FMUZZ: A Novel Greybox Fuzzing Approach based on Mutation Strategy Optimization with Byte Scheduling

Mutation-based greybox fuzzing is an efficient and widely used software testing technique, and its performance heavily depends on the mutation strategy. Existing solutions guide the seed mutation by using program-adaptive mutation strategies or constraint solving techniques. However, they disregard the characteristic that the execution information of seeds with similar behavior contains general strategies for solving specific constraints.

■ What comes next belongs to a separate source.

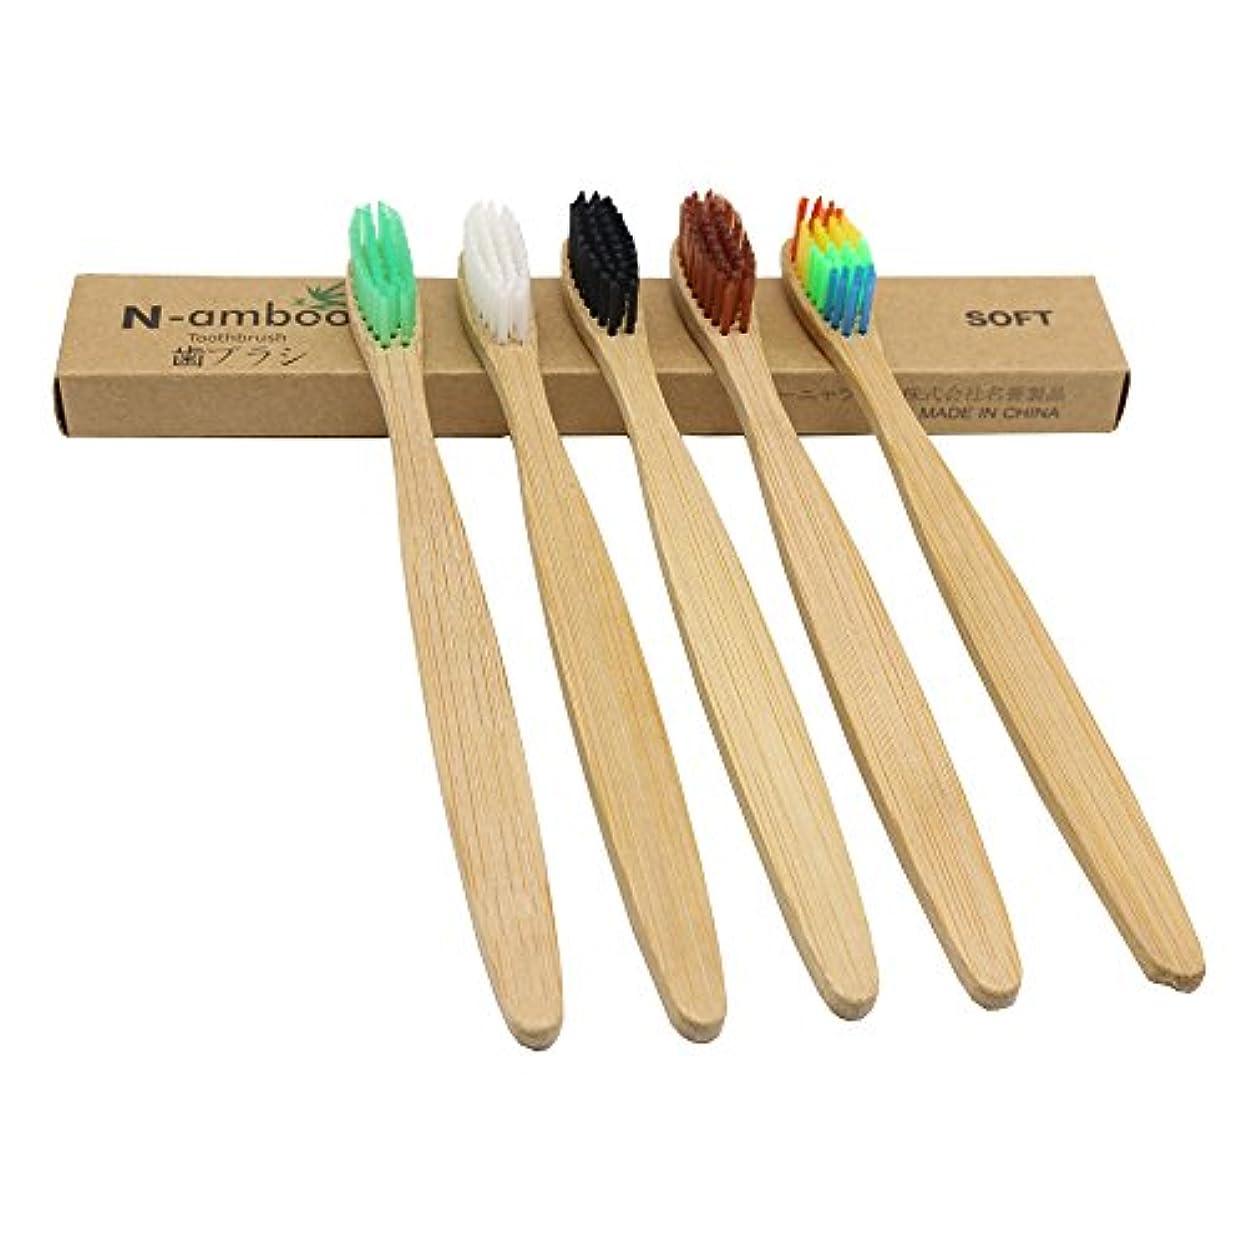 スペード菊ぬれたN-amboo 竹製 歯ブラシ 高耐久性 5種類 セット エコ 軽量 5本入り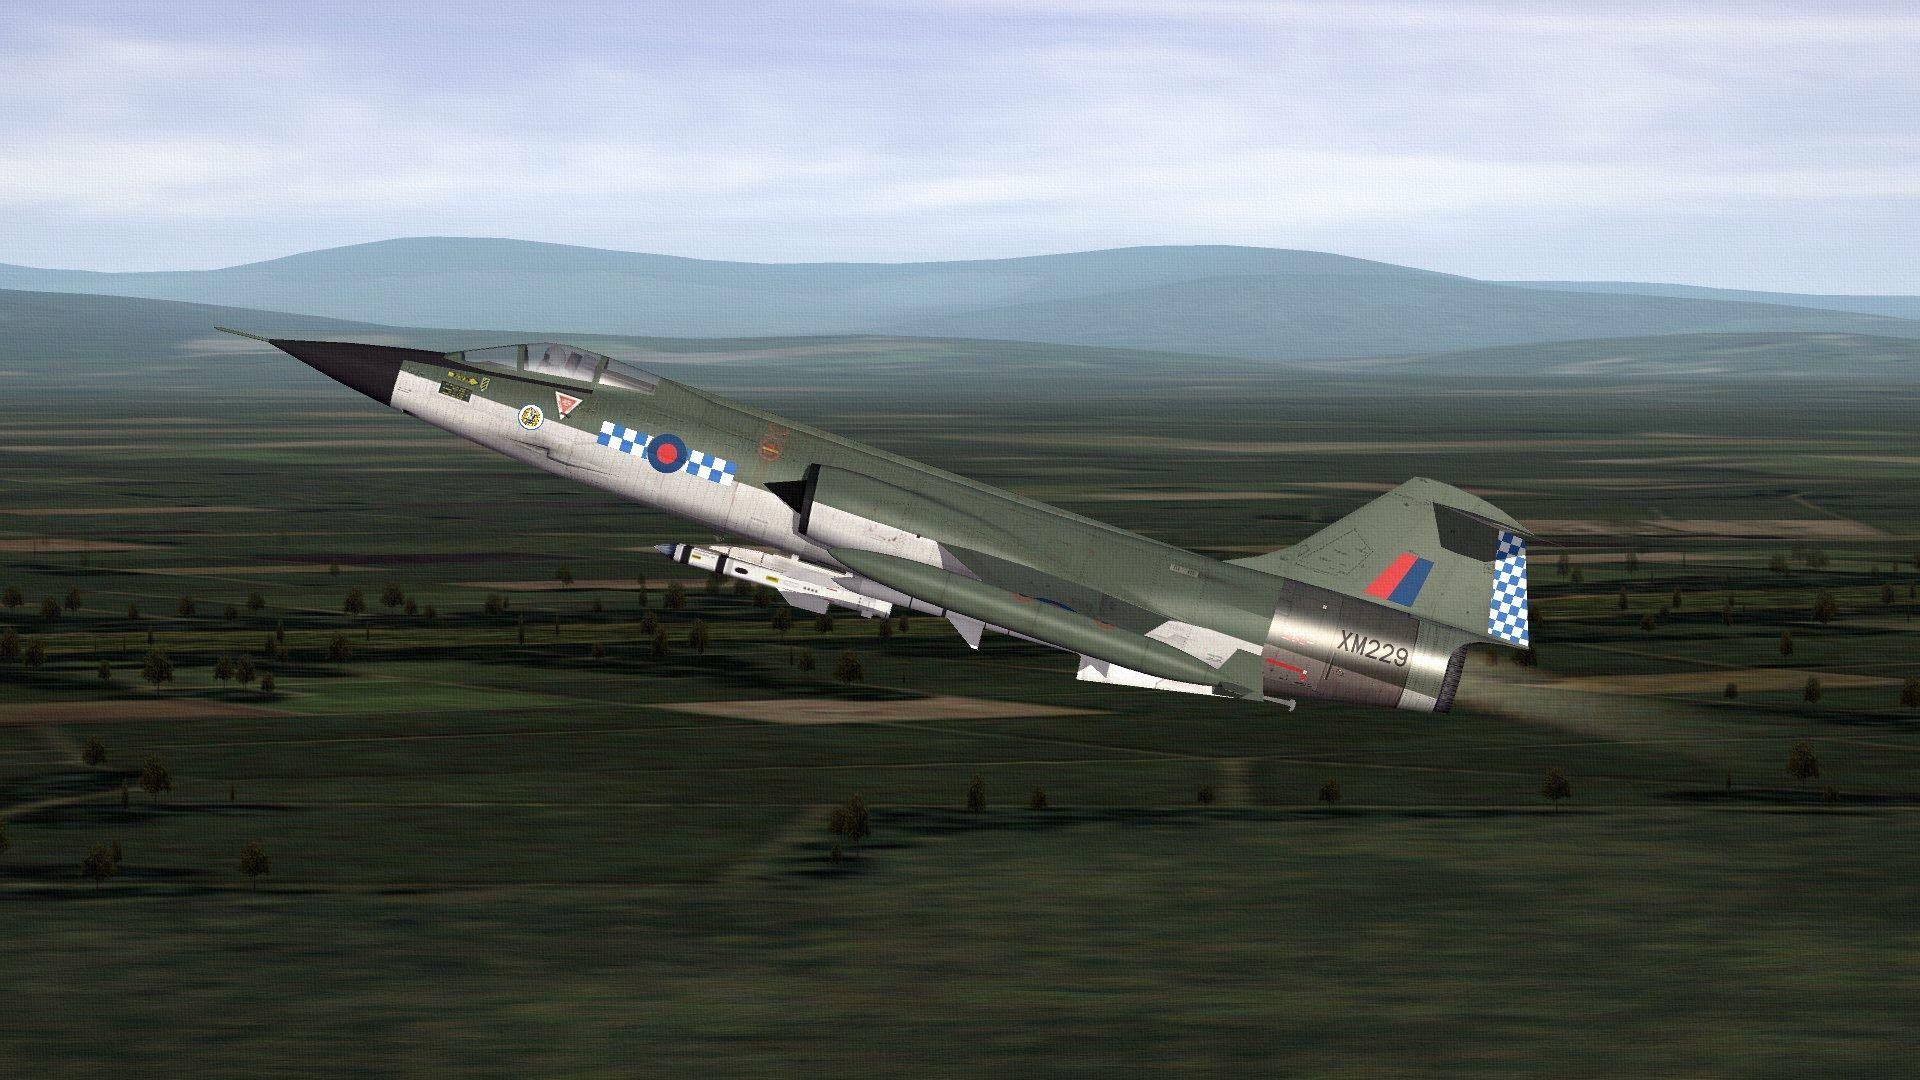 RAFSTARFIGHTERF2A02_zps769ec761.jpg

In this paper, we propose the FMUZZ, a lightweight fuzzing approach based on mutation strategy optimization. FMUZZ first clusters the seeds based on their execution information into different seed groups and then learns the byte mutation scheduling strategies applicable to different program paths to improve efficiency in generating seeds that satisfy specific branch constraints. Meanwhile, FMUZZ removes the redundant seeds during the learning process by using the customized multi-objective optimization algorithm, thereby improving the efficiency of learning byte mutation scheduling strategies for different program paths. We test the effectiveness of FMUZZ on 9 real-world programs with the comparison of 3 state-of-the-art mutation-based fuzzers. Extensive experimental results show that compared to the benchmark fuzzers, FMUZZ achieves 8.9% higher branch coverage and outperforms 35.3% in discovering unique crashes on average.